3 Replies Latest reply on Jul 19, 2016 11:41 AM by JoeKostoss

    softpoorfing srgb gamut warnings in orange?




      I have a few gamut related questions and would like to start off by saying I'm in now way a color expert and some of my questions might seem 'simple' but I'm kind of lost.


      I've shot an image in sRGB and have edited it in Lightroom.

      From what I understand the Dev module works in ProPhotoRGB thus wider. I have made some edits, and the oranges have been made to look brighter.


      Edited image:

      Schermafbeelding 2016-07-19 om 11.37.51kopie.jpg

      When softproofing this image in srgb most of the orange seems to be out of gamut.

      Schermafbeelding 2016-07-19 om 11.37.59kopie.jpg

      So am I right saying that the edits have pushed it beyond what srgb can display?

      If that is the case, then I don't really see a point of sticking to srgb in camera as edits withing lightroom can easily go beyond that gamut? (I've heard people say it's less work to shoot in srgb if you're outputting for web, that why I'm thinking this)


      When I tried to desaturate the oranges the whole image dulls down and is basically unusable.

      Schermafbeelding 2016-07-19 om 11.38.17kopie.jpg

      So in the end, I like the version that has warnings on the orange bits because the duller (safe) version (to me) is unusable.

      Should I even pay attention to the warnings when outputting to srgb (for web use)?


      Side note:

      Even the original version seems to have the warnings (although a bit less) Why is this even possible? It's shot in sRGB and has no edits what so ever?

      Schermafbeelding 2016-07-19 om 11.43.07kopie.jpg


      I'm new to all of this but it has me worried.

      Should I be soft proofing in srgb between each adjustment in lightroom? I mean I can make an image look good (to my own taste obviously) and tweak it so it looks good on my screen. But then in the end when soft proofing I need to tweak it back 'down' again so it's within the limits, resulting in completely different look and feel? This kind of destroys the purpose of my original tweaks a bit doesn't it?


      Or am I over thinking this?

        • 1. Re: softpoorfing srgb gamut warnings in orange?
          trshaner Adobe Community Professional & MVP

          The image in the screenshot DSC_0539.NEF is a raw image file, which has a gamut  far exceeding sRGB. The in-camera setting for color profile has no effect on raw files. Only in-camera JPEG files can be output to sRGB color space. See this video tutorial for more information on soft proofing in LR:


          Soft Proofing in Lightroom 4 - YouTube

          • 2. Re: softpoorfing srgb gamut warnings in orange?
            Jao vdL Adobe Community Professional & MVP

            >Or am I over thinking this?


            Yes. If your display is sRGB approximately, just make it look good on your display. You can also go to sRGB proof if you have a wider gamut display (is this a 5K iMac?) and make it look good there (ignore the out-of-gamut warning - just turn it off). The gamut warning just shows you areas of potential concern where you might be losing detail (but you don't necessarily will!). You should not try to completely fix them but you should focus on making the image look good. There doesn't appear to be anything really problematic about the first image in loss of detail, so I would focus on making the color look as good as you can as that is far more important to the product shot I would guess.

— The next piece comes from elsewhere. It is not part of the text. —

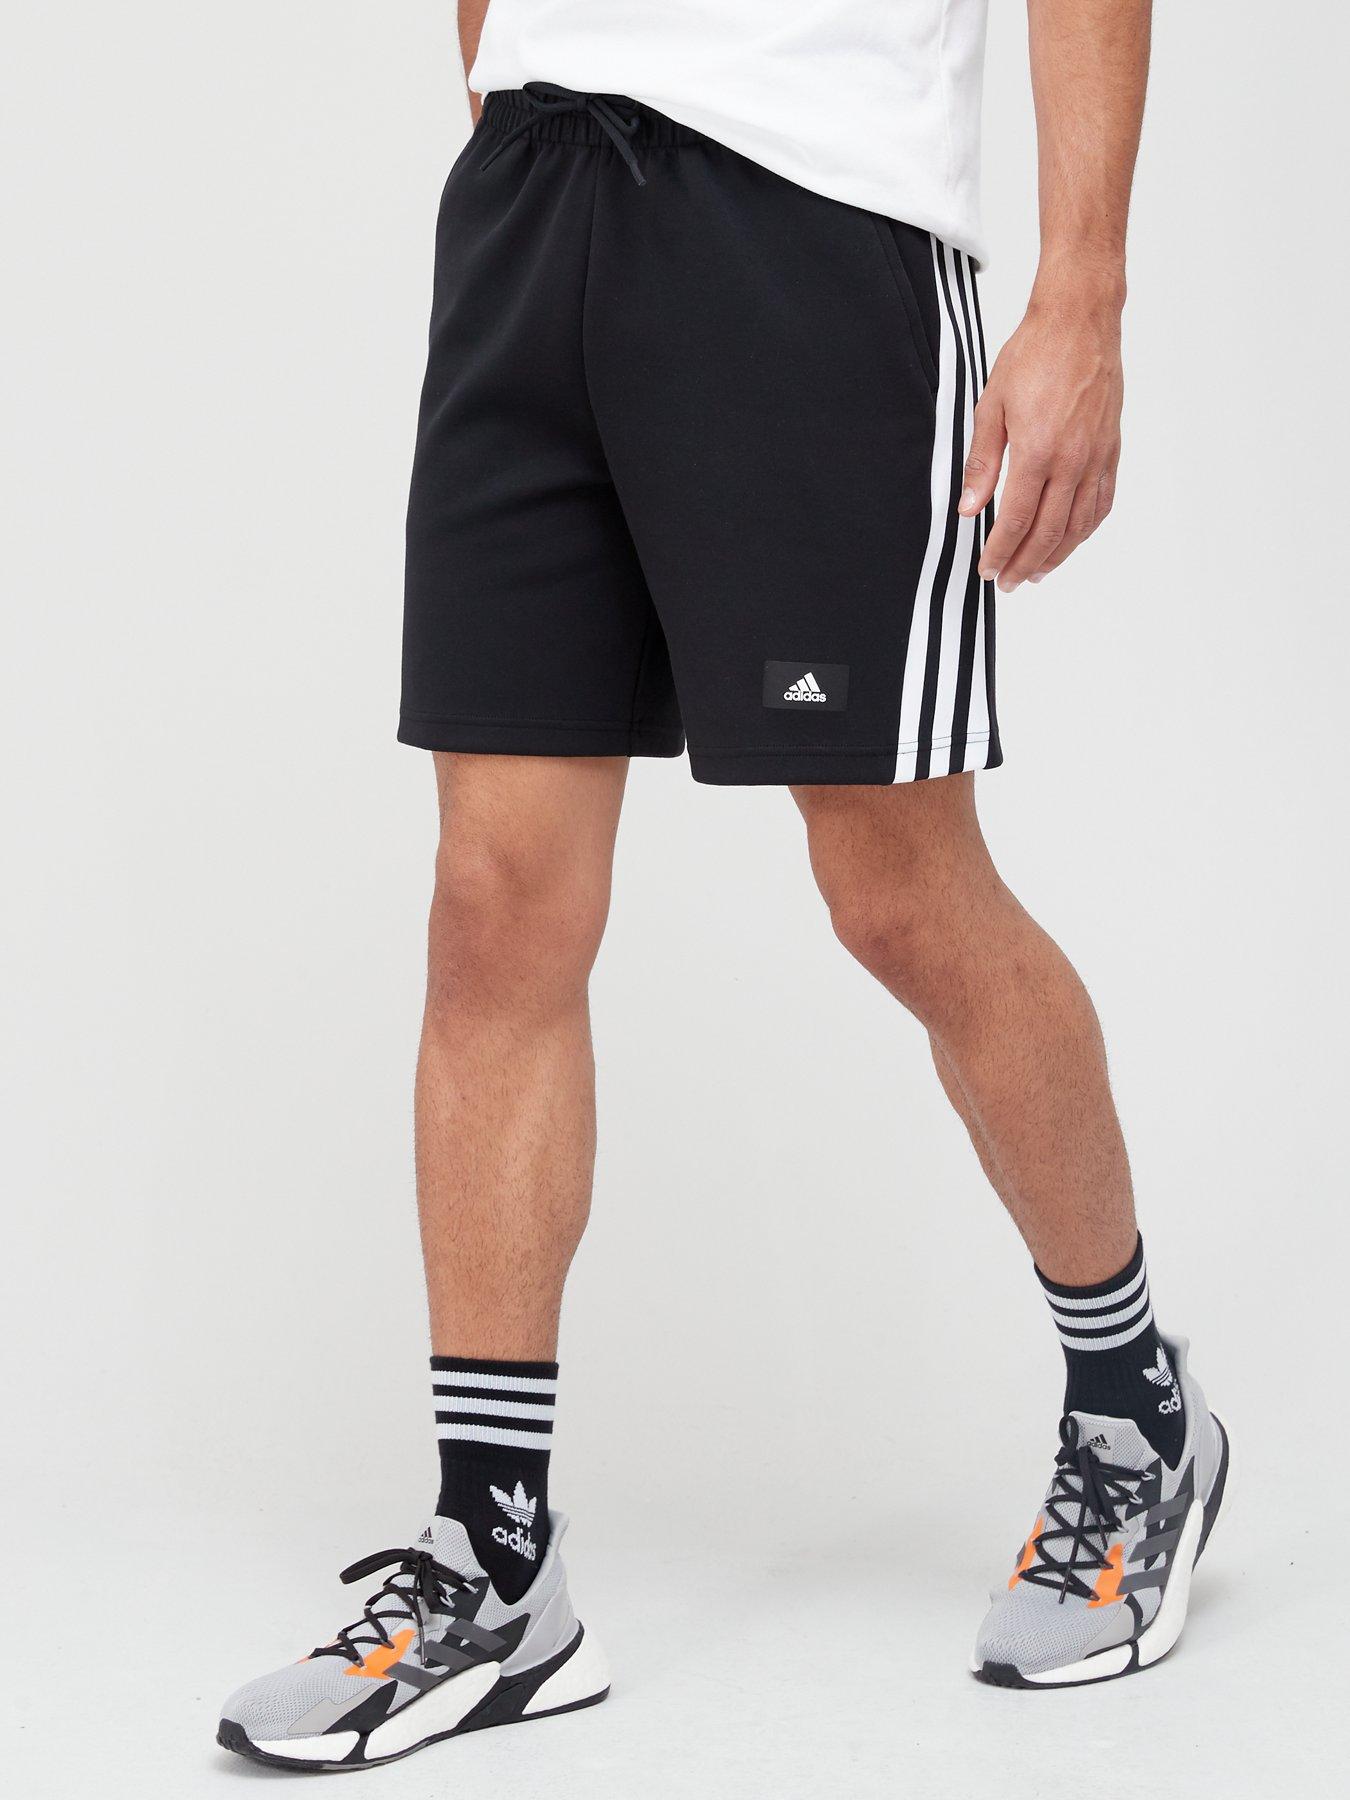  Future Icon 3 Stripe Shorts - Black

            • 3. Re: softpoorfing srgb gamut warnings in orange?
              JoeKostoss Adobe Community Professional

              wolfgangwolfgang wrote:


              ...Or am I over thinking this?



              I am an avid photographer interested only in creating great photos.  I am not involved in any industry or profession where color correctness is vital, so FWIW, here is my bird's-eye view of Soft-proofing.

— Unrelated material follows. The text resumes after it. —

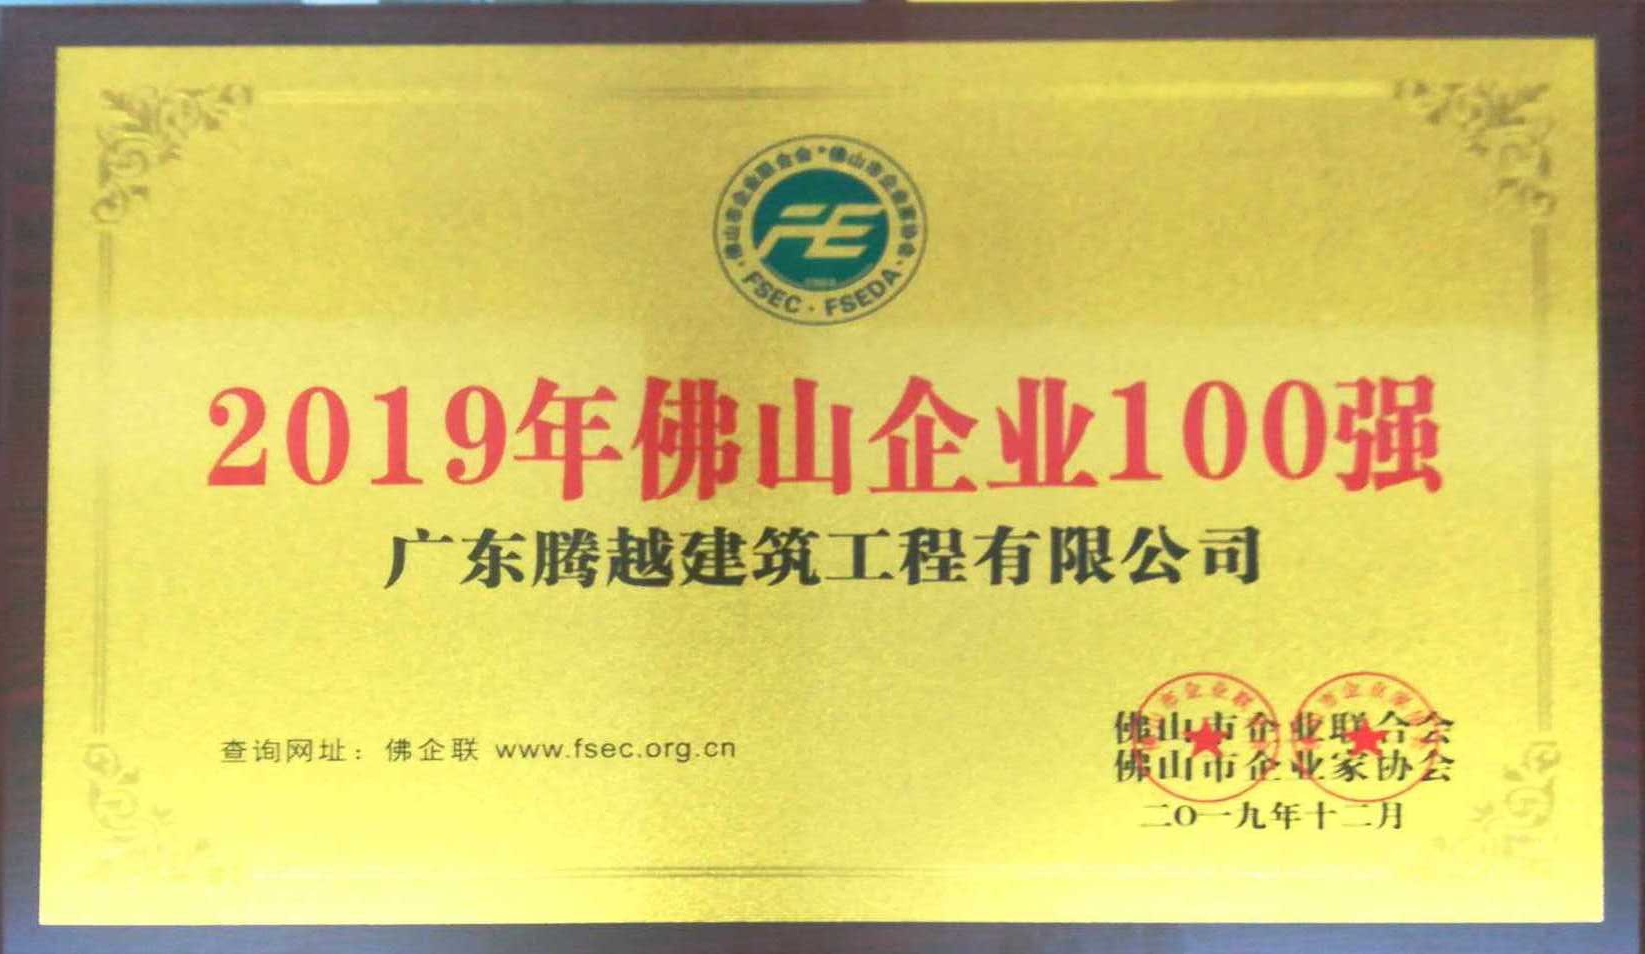 2019年佛山企业100强（欧帝体育(集团)有限公司）

              I find soft proofing of limited value and seldom use it, but it does occasionally have a use.


              First of all, it is useful to preview what my final print may look like.  This requires an ICC profile associated with a specific paper/printer combination usually supplied by the paper manufacturer, not a color space such as sRGB.


              I will sometimes look to see how much and what part of my image may be out of gamut.  If it is a small area in an insignificant part of the image, I turn it off, it does not matter.  However, if a large part of the main subject of the image is out of gamut, it might be possible to get a more satisfactory print by changing Rendering Intent (Perceptual or Relative), especially in the details.  But if a color is out of gamut, there not much you can do about it...except...


              You can change to a different paper, with its own specific ICC profile.  Some times this may help get the print you want.


              If this doesn't work, you can change the printer.  Not an option for me because I only have one printer.


              But, if a color is out of gamut, no amount of soft proofing is going to change that.  Out of Gamut simply means that the paper/printer combination is incapable of producing the exact same color that is in the image.  Yes, you can change contrast to make the print pop a little more, you can change white balance or saturation, but that is only changing color to something in gamut, which is what the printer is going to do anyway.


              If a color is out of gamut, than it is what it is!  No need to fret over it; just make the print.  If you like it...great!  if not, move on...do not over think this.